Sunday, July 19, 2015

I pinky promised!

   Who knew I would be able to jump back in just like I wanted to? I sure wasn't expecting to be blessed with some extra time, and commitment!

   In my last blog post I decided it was time to get into the kitchen and mess around with some FOOD! I love being able to come up with SUPER quick healthy food choices, and I love even more when I can share them with you! I rarely look for recipes, I aim to be as authentic as possible! So forgive me if you have a version of these already, but Heck, someones gotta share these things!

   First recipe will be my Bell pepper sliders! OH my, melt in my mouth and gimme all the food! I was so pleased how they turned out, and they literally look less then 10 mins to make. This recipe is for those who want a quick in and out recipe!

Heres what you're going to need:

1 can of chicken in water, do drain it! (low sodium if you can find it. I know kroger has a great choice!)
1/4 of a red onion, diced
Sliced and diced Jalepenos
diced tomatoes
2.5 bell peppers (I used red yellow and orange, dice the 1/2 of one!)
4tbsp Just Mayo- Chipotle flavor ( best mayo in your life!)

1. section out your 2 bell peppers to make little boats out of them, clean them up of membranes and seeds.
2. toss chicken, mayo, red onion, jalepenos, tomatoes, and the diced pepper into a bowl and mix well until blended.
3. scoop about 2tbsp into each little boat. should make about 6-8 boats loaded with chicken and goodies! Garnish with cilantro and avocado if you choose to! See Easy peasy!

So I almost promised I would give you guys my GUILT free peanut cup! this is also super easy to make. Took me about 15-20 mins total. 

This made 6 pb cups.  about 140cals per cup! 

8tbsp of coconut oil, 2 scoops vegan chocolate shakeo, and pb., cupcake foil cups.

Split that coconut oil in half. Melt by microwaving it for about 20 seconds, mix up one scoop of shakeology in that bad boy until smooth pour into cupcake foils. Pop in the freezer for about 5 mins. when that time is up add about 1 tsp of peanut butter to each one, melt the other half of coconut oil, add the second scoop of shakeology, mix till smooth, pour over the top of the peanut butter, and pop back into the freezer for about 10 mins. They will be ready to eat! I store mine in the freezer so they dont melt. SO good and a pretty good treat if you want to keep it clean and healthy! Can't beat getting a lil superfood in with your treat! Enjoy!


Wednesday, July 8, 2015

It's been a while!


Man, I have been one busy woman lately. I hadn't had the time or the energy to keep up here, and honestly for a while my heart just wasn't in it! But I've been posting my meals on Facebook again, and some of you have requested I send you my recipes!
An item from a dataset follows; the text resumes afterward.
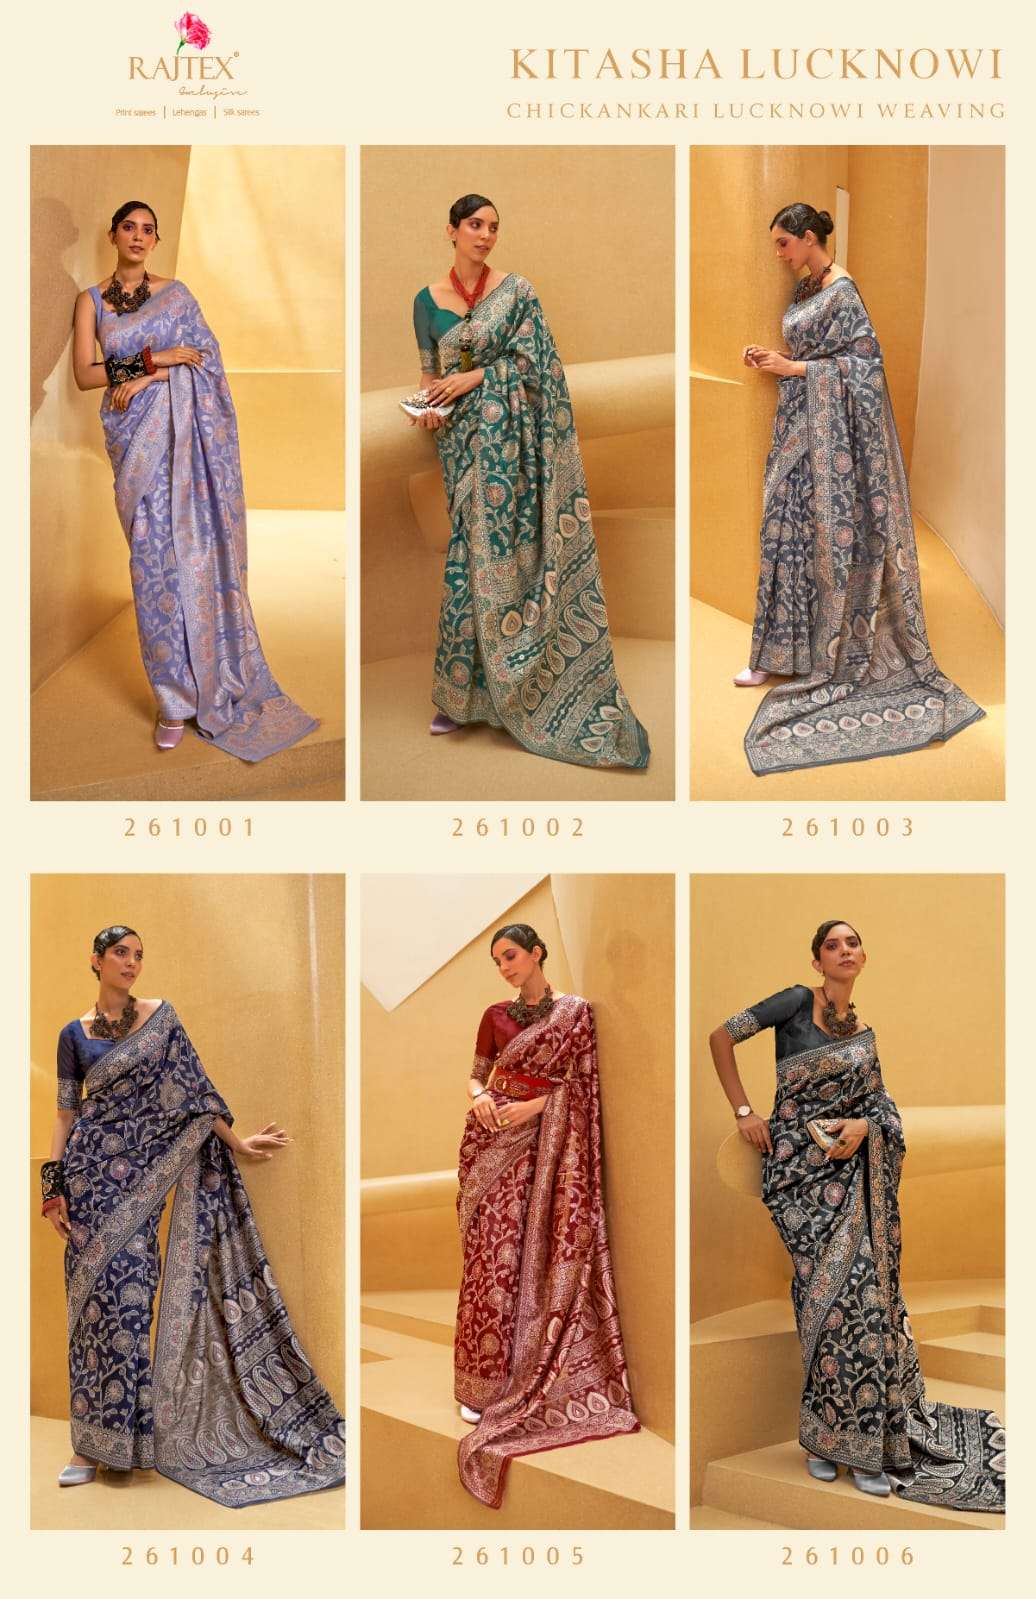 Rajtex Kitasha Lucknowi Designer Chikankari Weaving Sarees Wholesale catalog

So why not BLOG about it! 

The last few months have been a roller coaster of go, do, see and be here and there. Busy so I've been surviving off my superfood shakes! I'm happy things have calmed down just a knotch so I can get back to my passion... COOKING AND BAKING! 
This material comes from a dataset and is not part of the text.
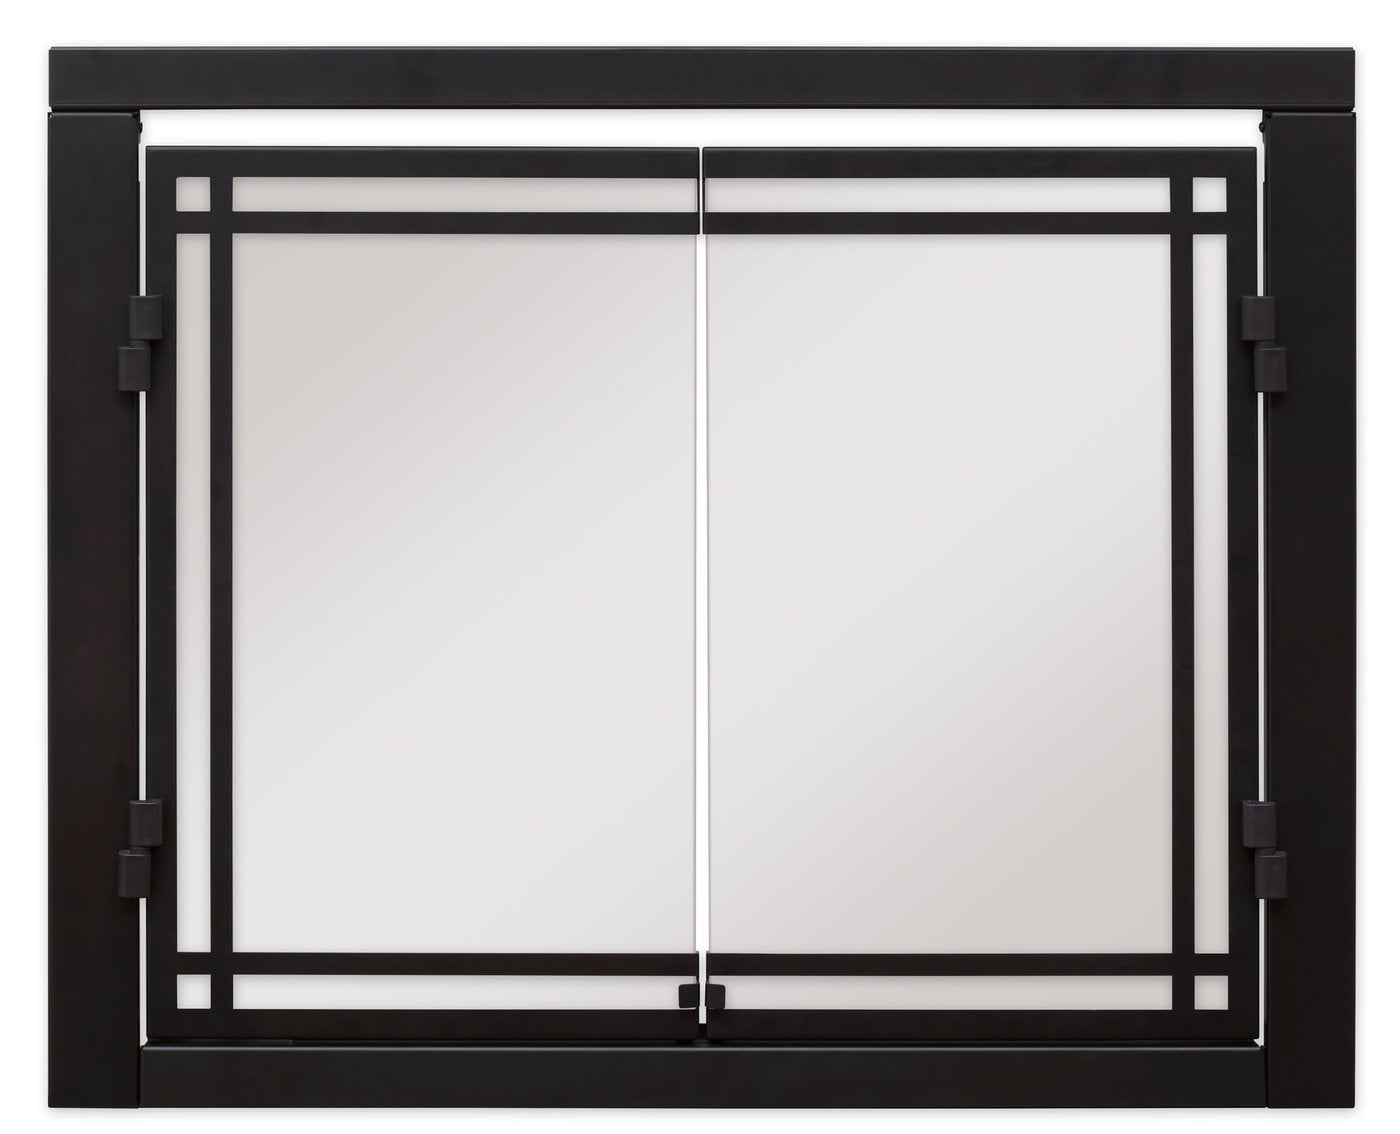 30" Dimplex Revillusion® Double Glass Doors RBFDOOR30

Baking releases a lot of stress for me. Mainly because my focus is on making something beautiful, delicious, and I try to make it as healthy as I possibly can. Cooking to me beings out a HUGE range of memories. My dad is who taught me how to cook. He probably doesn't know I soaked in every little thing he ever did with cooking, grilling and presenting food at parties. Reminds me of happy days, filled with sunshine, and mornings that had music playing and pancakes on the griddle. Makes me feel as cool as I thought my dad is/was. Love you mom but you taught me how to love eating out and finding the healthiest restaurants! 
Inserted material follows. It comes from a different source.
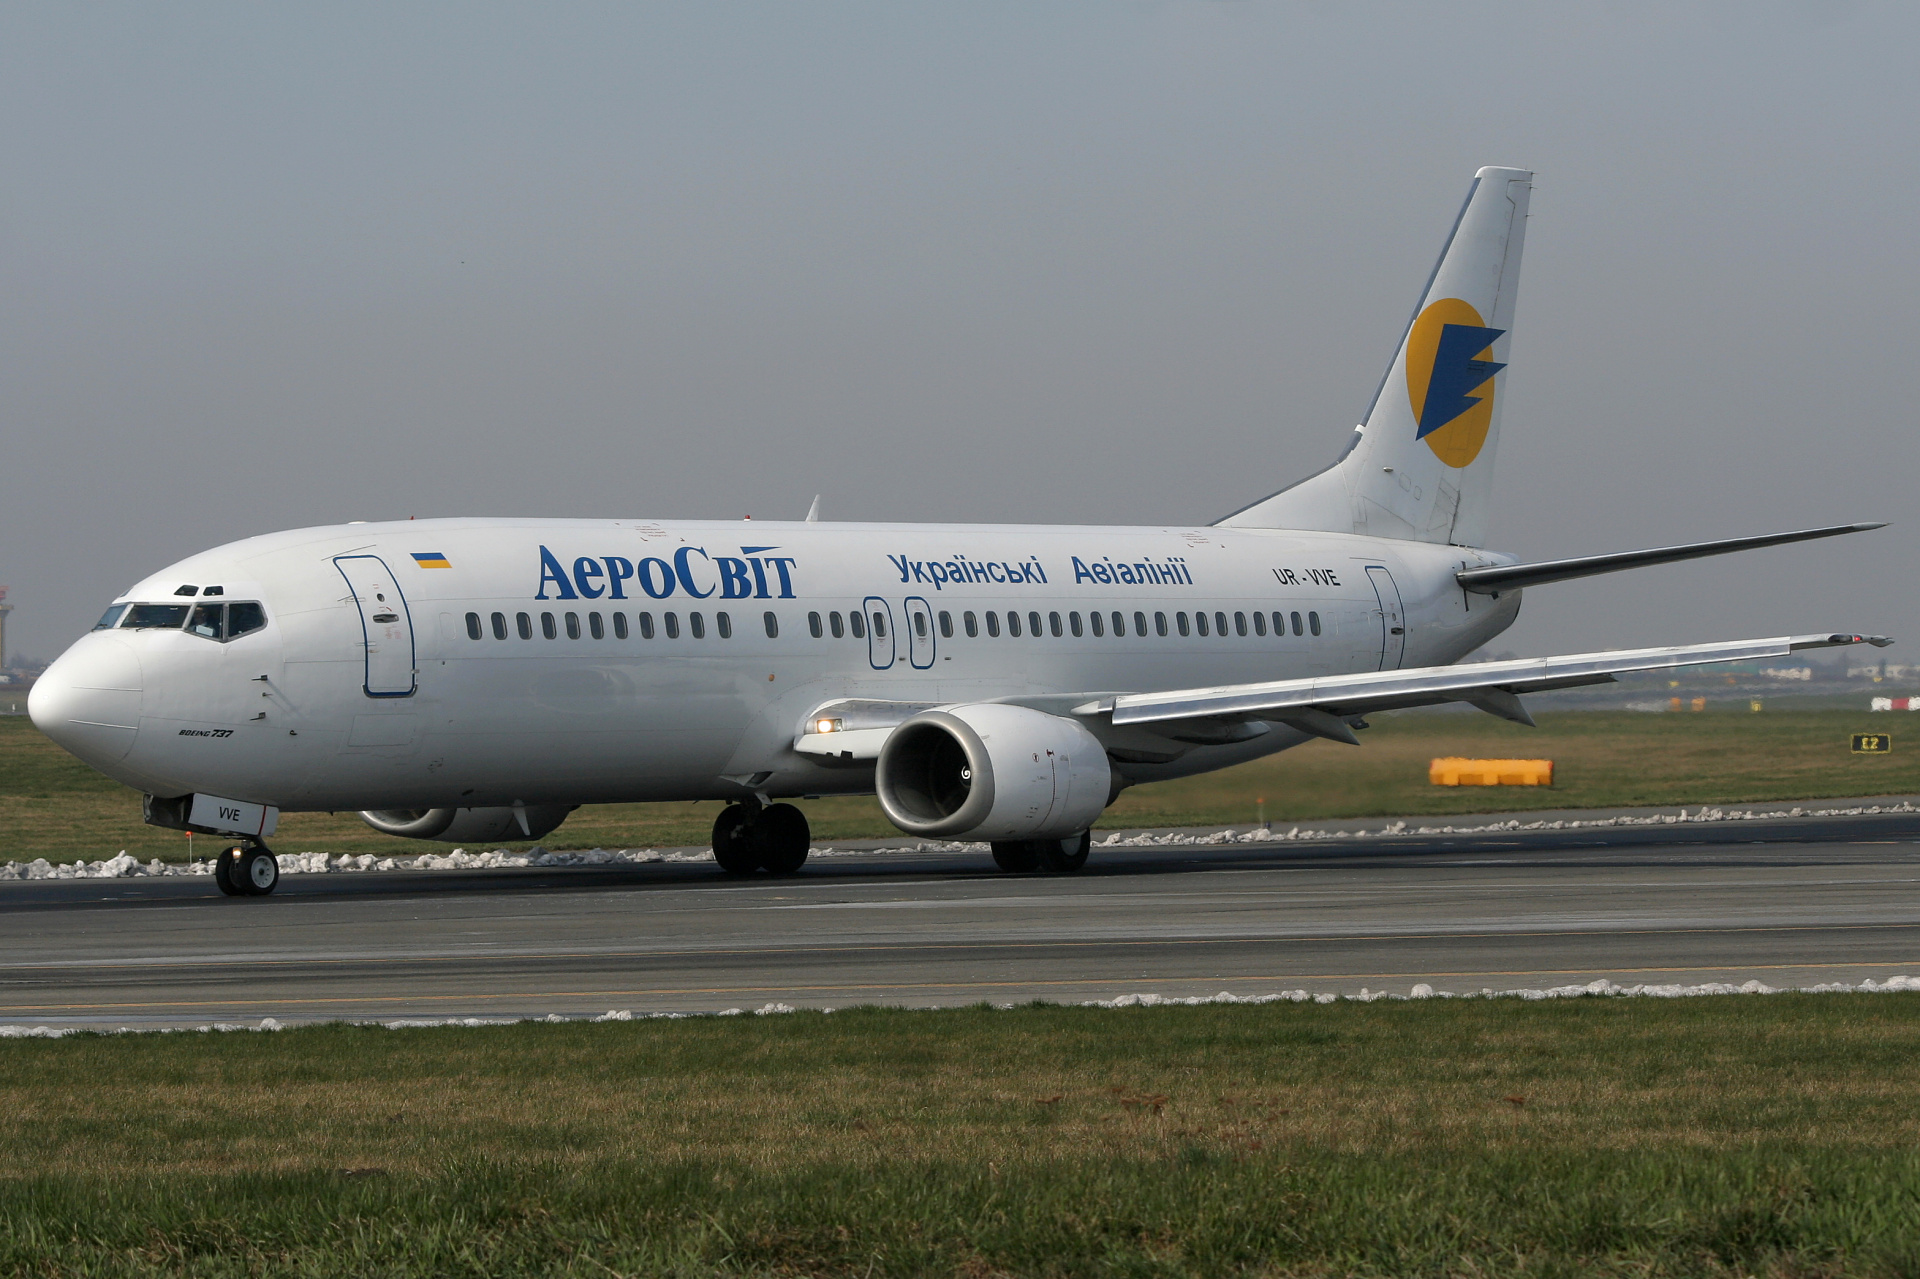 UR-VVE, AeroSvit Ukrainian Airlines (Aircraft » EPWA Spotting » Boeing 737-400)

So the recipe I wanted to share with you! This one is a heavenly delicious treat you can make for the 4th of July! 
These little guys were soo very yummy! Super easy to make and we're a great small treat to take to the parties! 

Here's what you need: 
1 cup of graham cracker crumbs
3 tbs of grass fed butter melted
1pkg of the reduced fat cream cheese(8oz)
1/3 sugar- I used coconut sugar! 
1.5tsp vanilla extract 
1 egg 
6 raspberries
12 blueberries 
 Parchment paper or cupcake liners 

Directions:
  1. Preheat your oven to 350°. In a small bowl, combine graham cracker crumbs and melted butter. Press into the bottom of 12 paper-lined muffin cups. In another small bowl, beat cream cheese, sugar and vanilla until smooth. Add egg; beat on low speed just until combined. Spoon over crusts. Took about 1.5 spoon fills.
  2. Bake nearly 20 minutes (keep an eye because I've come to realize every oven is different!) Cool 10 minutes before removing from pan to a wire rack to cool completely.before putting In fridge, pace one raspberry on half and two blueberries on half! Refrigerate at least 1 hour.  Makes 12, enjoy!